When the Lord restored the fortunes of Zion, *
then were we like those who dream.

2 Then was our mouth filled with laughter, *
and our tongue with shouts of joy.

3 Then they said among the nations, *
“The Lord has done great things for them.”

4 The Lord has done great things for us, *
and we are glad indeed.

5 Restore our fortunes, O Lord, *
like the watercourses of the Negev.

6 Those who sowed with tears *
will reap with songs of joy.

7 Those who go out weeping, carrying the seed, *
will come again with joy, shouldering their sheaves.

Philippians 3:4b-14

If anyone else has reason to be confident in the flesh, I have more: circumcised on the eighth day, a member of the people of Israel, of the tribe of Benjamin, a Hebrew born of Hebrews; as to the law, a Pharisee; as to zeal, a persecutor of the church; as to righteousness under the law, blameless.

Yet whatever gains I had, these I have come to regard as loss because of Christ. More than that, I regard everything as loss because of the surpassing value of knowing Christ Jesus my Lord. For his sake I have suffered the loss of all things, and I regard them as rubbish, in order that I may gain Christ and be found in him, not having a righteousness of my own that comes from the law, but one that comes through faith in Christ, the righteousness from God based on faith. I want to know Christ and the power of his resurrection and the sharing of his sufferings by becoming like him in his death, if somehow I may attain the resurrection from the dead.

Not that I have already obtained this or have already reached the goal; but I press on to make it my own, because Christ Jesus has made me his own. Beloved, I do not consider that I have made it my own; but this one thing I do: forgetting what lies behind and straining forward to what lies ahead, I press on toward the goal for the prize of the heavenly call of God in Christ Jesus.

This is the Word of the Lord.

Thanks be to God

All stand for the Acclamation and Gospel reading.

Praise to you, O Christ, king of eternal glory!

Seek good and not evil so that you may live,

And that the lord God of hosts may really be with you.

Praise to you, O Christ, king of eternal glory!

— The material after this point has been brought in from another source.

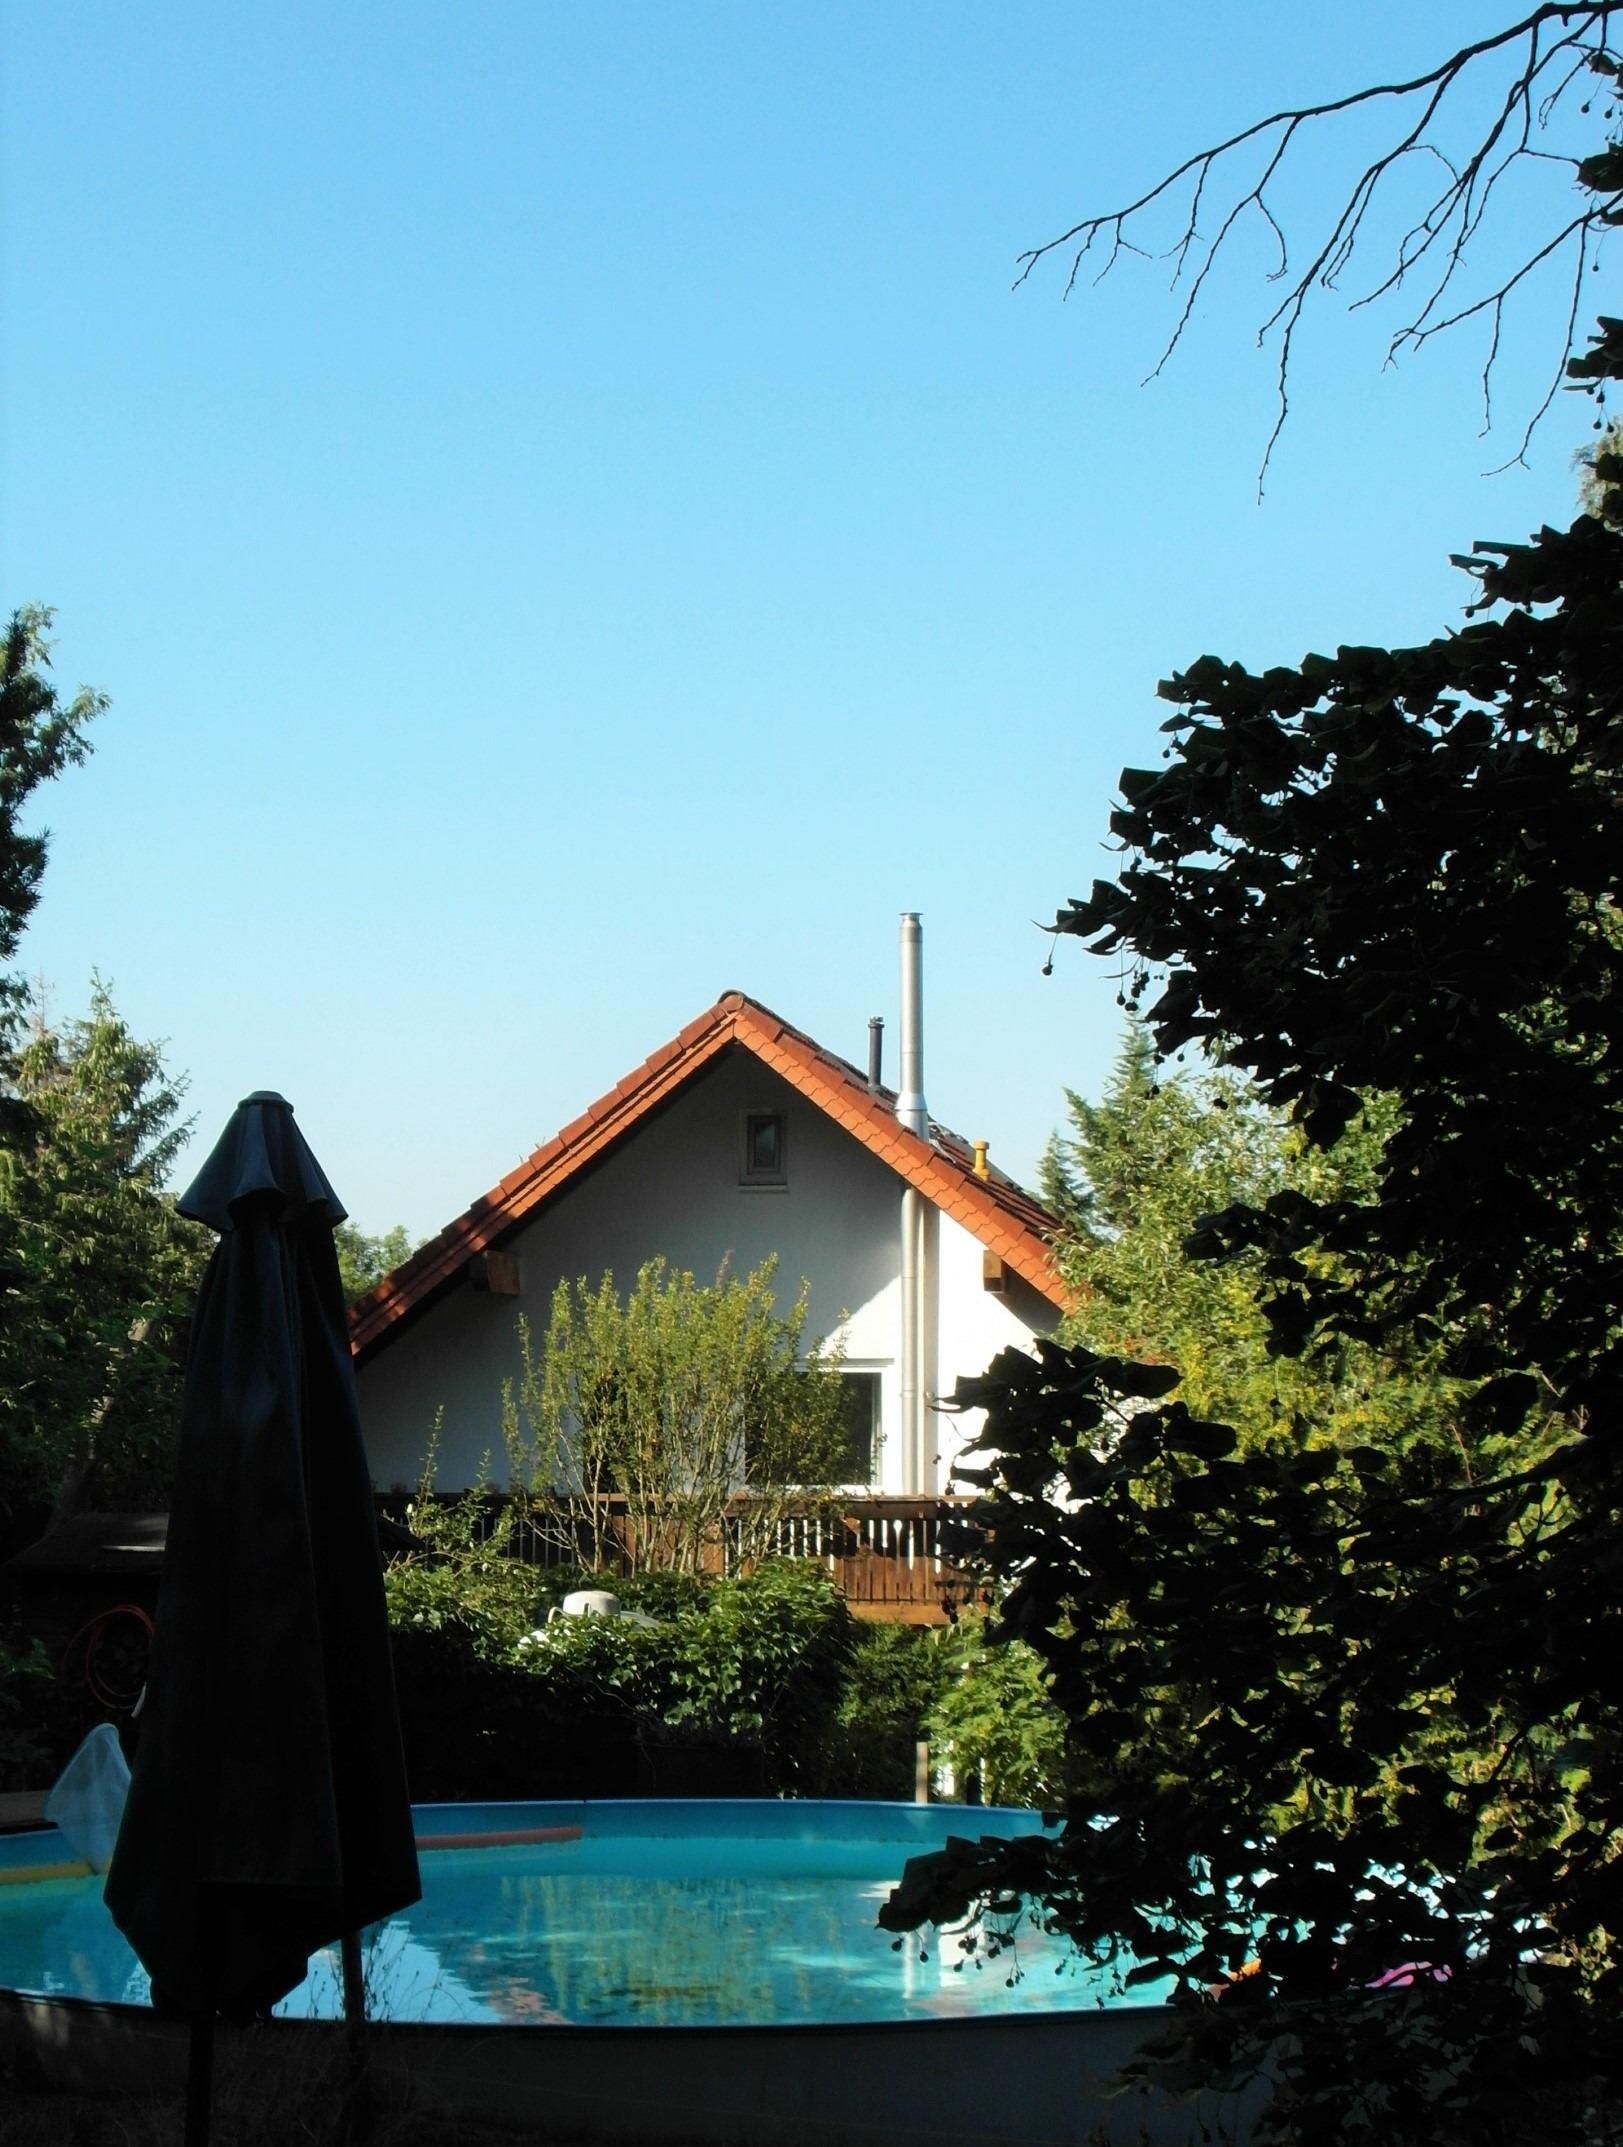 Einfamilienhaus Rothenburg - Blick vom Pool

The Gospel of our Lord Jesus Christ according to:

John 12:1-8

✝️ ✝️ ✝️

Six days before the Passover Jesus came to Bethany, the home of Lazarus, whom he had raised from the dead. There they gave a dinner for him. Martha served, and Lazarus was one of those at the table with him. Mary took a pound of costly perfume made of pure nard, anointed Jesus’ feet, and wiped them with her hair. The house was filled with the fragrance of the perfume. But Judas Iscariot, one of his disciples (the one who was about to betray him), said, “Why was this perfume not sold for three hundred denarii and the money given to the poor?” (He said this not because he cared about the poor, but because he was a thief; he kept the common purse and used to steal what was put into it.) Jesus said, “Leave her alone. She bought it so that she might keep it for the day of my burial. You always have the poor with you, but you do not always have me.”

After the Gospel reading

This is the Gospel of the Lord.

Praise to you, Lord Jesus Christ

On this fifth Sunday of Lent, our thoughts turn to suffering, as they should, since we are fast approaching Holy Week and the Walk of Sorrows. This is why the highly poetic words of the psalmist, so filled with joyful images, are jarring on this particular day.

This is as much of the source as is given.